Ros Bhroc is Tonn Ruairidh,
Druim Leathad agus Dairbhre
’S èisteachd ris an aifreann
Far am buailear clag gun bhailbhe.
Dùrdan daimh duinn Dàmhair
Oidhche fhuar gheamhradail
Is Inbhir Dhùghlais oidhche fhuar
Is dearcan donn air darach ann.
An sìon air bhàrr Beinn Boirche
’S gàir muir na fairge
’S ceilear aig eòin-chalaidh,
’S oirfeid dham anam e.
’S binn leam loin a’ ceileireadh,
Osnadh gaoithe ’s ceòl nan salm ann
Mar fhuaim doininn fon darach
Air leacannan Ghleann Bhalgain.
Eas Ruaidh gu Eas Dhubhthaich
Gus an tug mi ceann mo bhàire,
Guthan aoibhinn eunlaith,
Cò ’n eas as glaine gàire?
The Resoundroar of Fiercerough Garf Water
A beautiful hotcockle-streamlet linen-netfilling with a tidefull milkdropcurrent, the cliffsonecho is a miraclemarvel and the hoppermelodytruesweet resoundroar of fiercerough Garf Water. Dungarvan and Dundrum Bay, Drumleid and Darvery and listening to the chapelhousemass where not-so-dumb-bells are rung. The teasingmotesing-songmurmur of the surlybrown oxbeamstag rutting in October on a rawcold wintry night and Inveruglas on a rawcold night with pregnantbrown eyeberries on a treeoghamDoaktree. The stormweather on the harvestcropcreamtop of the bison-elk Mournes and the resoundroar of the stormsea and the sonnetwarbling of the ferrybayharbourshore birds are music to my soul.
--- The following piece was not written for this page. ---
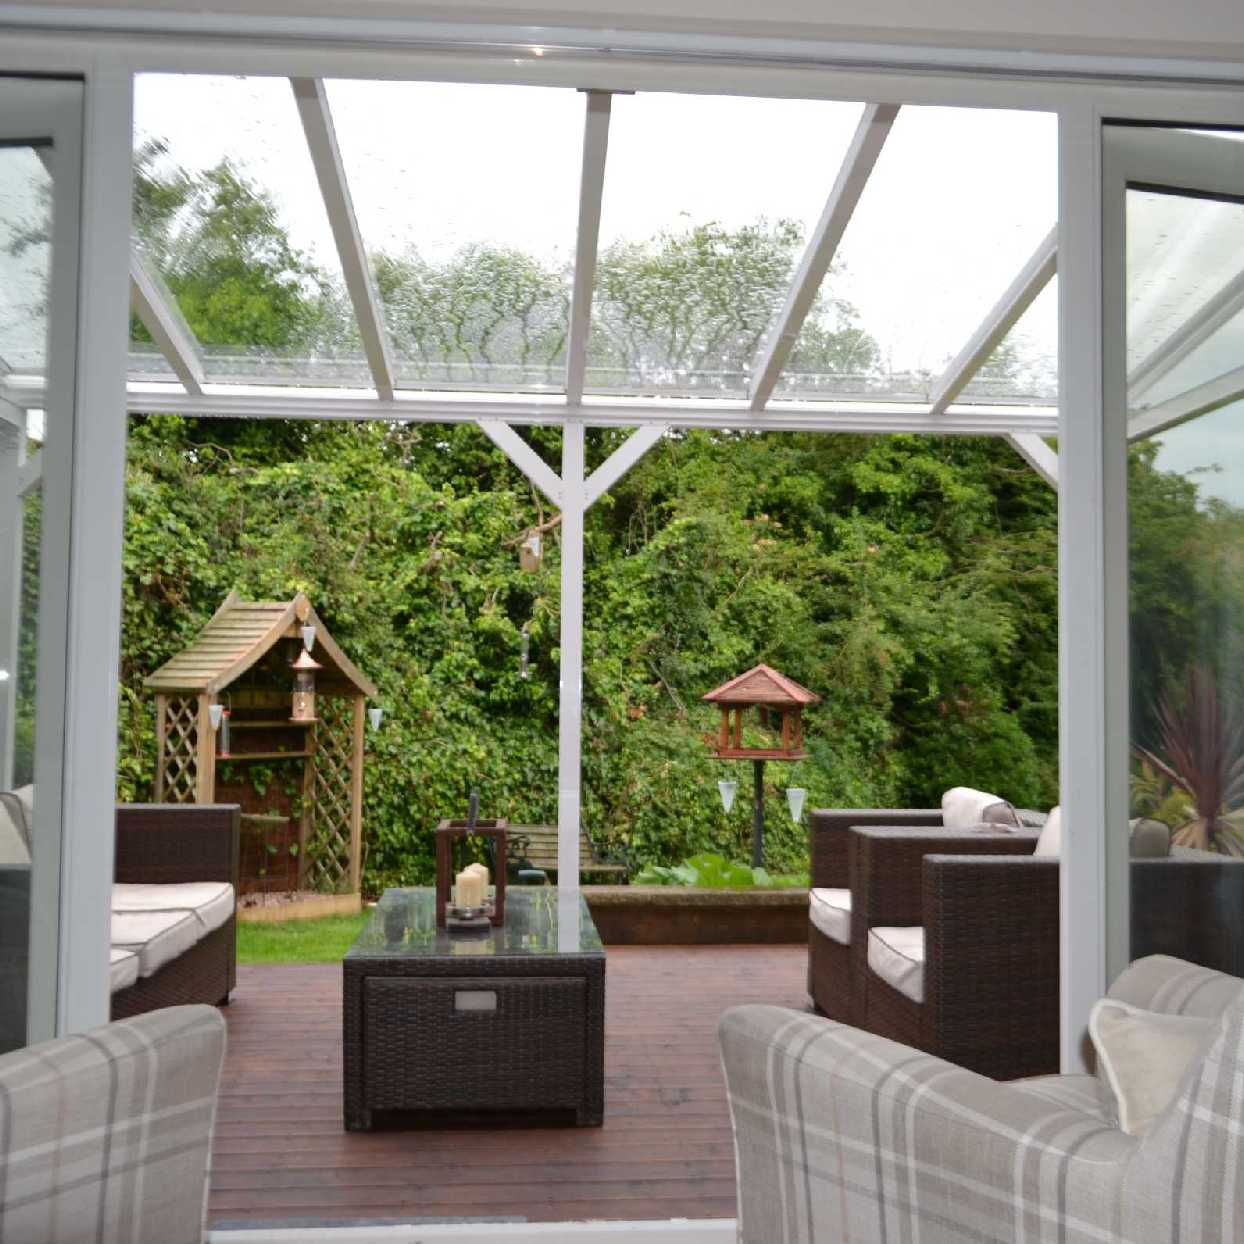 Buy Omega Smart Free-Standing, White MonoPitch Roof Canopy with 6mm Glass Clear Plate Polycarbonate Glazing - 4.9m (W) x 3.5m (P), (6) Supporting Posts online today
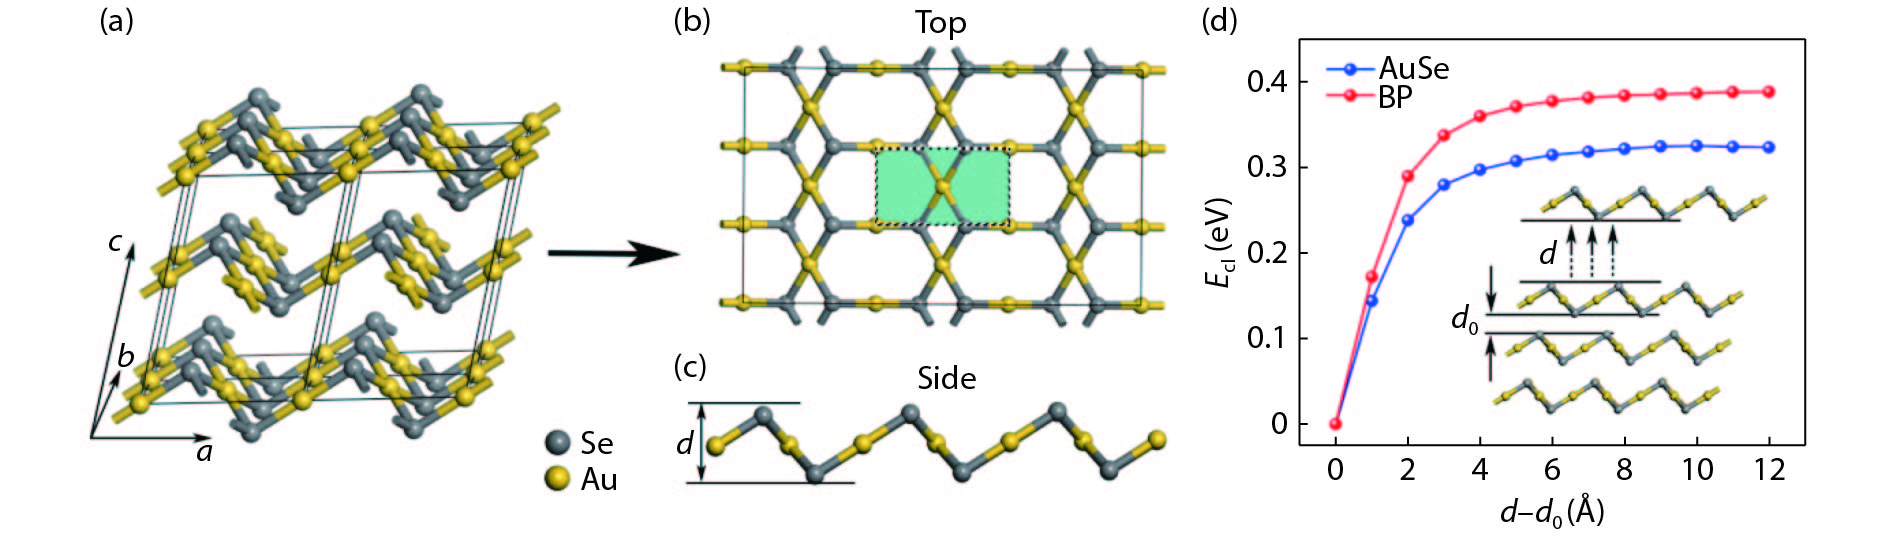 (Color online) Structure of (a) bulk AuSe with 2 × 2 × 1 supercell, (b) two dimensional AuSe in top view and (c) side view. (d) Cleavage energy of AuSe monolayer and black phorphous.

I love the blackbirds warbling, the soughing of the wind and the music of the psalms there like the sound of the storm under the oaks on the slopes of Glenbalkan. Assaroe to the Falls of Duich till I came to the headend of my ruttingbattlegamepath, the sweeteven bardvoice of the birds, what water-fallstream is a purewhiter resoundroar?
About the author

Rody Gorman lives in Skye. He has published collections of poetry in English, Irish and Scottish Gaelic, and his most recent collections are Lorg Eile/Final Call (2022) and Sa Chnoc (2023). His version of Buile Shuibhne, Sweeney: an Intertonguing, was published by Francis Boutle Publishers in March 2024. He is currently working on a version of the poem the Galley of Clanranald, and as editor of an anthology of contemporary Scottish Gaelic poetry.
About our interviewer

Harry Josephine Giles is from Orkney and lives in Leith. She writes in Orcadian, Scots and English. Her verse novel, Deep Wheel Orcadia (Picador, 2021), won the Arthur C. Clarke Award for Science Fiction Book of the Year. She has two other collections, Tonguit (Freight, 2015) and The Games (Out-Spoken, 2018), and her fourth book, Them!, will be published in June 2024 by Picador. Currently, she is learning Gaelic at Sabhal Mòr Ostaig.